(What is required): Only the lines from the one with "Car wrap Storage Inns of America" to the end of the data below should be returned, each exactly as it stands.

(Records from a data collection):
+++++

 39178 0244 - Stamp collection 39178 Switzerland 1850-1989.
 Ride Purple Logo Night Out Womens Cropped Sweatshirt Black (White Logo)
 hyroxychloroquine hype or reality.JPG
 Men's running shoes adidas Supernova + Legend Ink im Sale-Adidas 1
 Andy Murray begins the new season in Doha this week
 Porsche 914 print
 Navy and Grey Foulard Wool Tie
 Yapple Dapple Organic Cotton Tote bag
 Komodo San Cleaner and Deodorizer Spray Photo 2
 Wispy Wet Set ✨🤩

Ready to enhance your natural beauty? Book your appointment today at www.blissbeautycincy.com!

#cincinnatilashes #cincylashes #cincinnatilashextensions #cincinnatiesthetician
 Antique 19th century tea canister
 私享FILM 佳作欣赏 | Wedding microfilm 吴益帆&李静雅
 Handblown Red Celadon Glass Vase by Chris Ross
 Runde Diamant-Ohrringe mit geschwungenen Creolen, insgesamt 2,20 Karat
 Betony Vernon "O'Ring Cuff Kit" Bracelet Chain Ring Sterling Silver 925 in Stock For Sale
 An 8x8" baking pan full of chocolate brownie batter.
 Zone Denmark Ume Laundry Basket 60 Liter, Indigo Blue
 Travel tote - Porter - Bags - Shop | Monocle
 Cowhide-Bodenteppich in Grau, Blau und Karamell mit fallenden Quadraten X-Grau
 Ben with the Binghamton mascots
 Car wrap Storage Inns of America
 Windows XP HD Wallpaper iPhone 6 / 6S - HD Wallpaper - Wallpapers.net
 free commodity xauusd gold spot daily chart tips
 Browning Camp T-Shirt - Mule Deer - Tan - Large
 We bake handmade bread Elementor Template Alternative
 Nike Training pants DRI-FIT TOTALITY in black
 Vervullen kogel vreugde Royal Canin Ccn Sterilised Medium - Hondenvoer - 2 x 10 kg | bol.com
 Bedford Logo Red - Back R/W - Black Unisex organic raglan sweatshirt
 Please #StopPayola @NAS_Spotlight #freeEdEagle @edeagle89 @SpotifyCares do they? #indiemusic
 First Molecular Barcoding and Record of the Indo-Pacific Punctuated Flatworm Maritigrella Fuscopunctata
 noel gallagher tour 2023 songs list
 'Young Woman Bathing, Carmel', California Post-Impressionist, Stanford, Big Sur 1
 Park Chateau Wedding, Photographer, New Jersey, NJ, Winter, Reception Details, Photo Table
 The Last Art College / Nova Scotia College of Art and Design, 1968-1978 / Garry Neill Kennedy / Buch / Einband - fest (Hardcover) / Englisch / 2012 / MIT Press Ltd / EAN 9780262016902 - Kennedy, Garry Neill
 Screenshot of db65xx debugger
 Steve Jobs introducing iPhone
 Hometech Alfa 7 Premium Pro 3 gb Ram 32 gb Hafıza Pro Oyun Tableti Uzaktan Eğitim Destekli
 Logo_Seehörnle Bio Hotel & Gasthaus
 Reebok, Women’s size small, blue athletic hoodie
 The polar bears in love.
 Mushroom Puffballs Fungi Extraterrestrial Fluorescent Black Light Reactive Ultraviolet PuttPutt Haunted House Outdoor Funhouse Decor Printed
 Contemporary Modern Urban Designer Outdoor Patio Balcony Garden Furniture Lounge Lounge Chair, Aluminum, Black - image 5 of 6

+++++

(Exercise output):
 Car wrap Storage Inns of America
 Windows XP HD Wallpaper iPhone 6 / 6S - HD Wallpaper - Wallpapers.net
 free commodity xauusd gold spot daily chart tips
 Browning Camp T-Shirt - Mule Deer - Tan - Large
 We bake handmade bread Elementor Template Alternative
 Nike Training pants DRI-FIT TOTALITY in black
 Vervullen kogel vreugde Royal Canin Ccn Sterilised Medium - Hondenvoer - 2 x 10 kg | bol.com
 Bedford Logo Red - Back R/W - Black Unisex organic raglan sweatshirt
 Please #StopPayola @NAS_Spotlight #freeEdEagle @edeagle89 @SpotifyCares do they? #indiemusic
 First Molecular Barcoding and Record of the Indo-Pacific Punctuated Flatworm Maritigrella Fuscopunctata
 noel gallagher tour 2023 songs list
 'Young Woman Bathing, Carmel', California Post-Impressionist, Stanford, Big Sur 1
 Park Chateau Wedding, Photographer, New Jersey, NJ, Winter, Reception Details, Photo Table
 The Last Art College / Nova Scotia College of Art and Design, 1968-1978 / Garry Neill Kennedy / Buch / Einband - fest (Hardcover) / Englisch / 2012 / MIT Press Ltd / EAN 9780262016902 - Kennedy, Garry Neill
 Screenshot of db65xx debugger
 Steve Jobs introducing iPhone
 Hometech Alfa 7 Premium Pro 3 gb Ram 32 gb Hafıza Pro Oyun Tableti Uzaktan Eğitim Destekli
 Logo_Seehörnle Bio Hotel & Gasthaus
 Reebok, Women’s size small, blue athletic hoodie
 The polar bears in love.
 Mushroom Puffballs Fungi Extraterrestrial Fluorescent Black Light Reactive Ultraviolet PuttPutt Haunted House Outdoor Funhouse Decor Printed
 Contemporary Modern Urban Designer Outdoor Patio Balcony Garden Furniture Lounge Lounge Chair, Aluminum, Black - image 5 of 6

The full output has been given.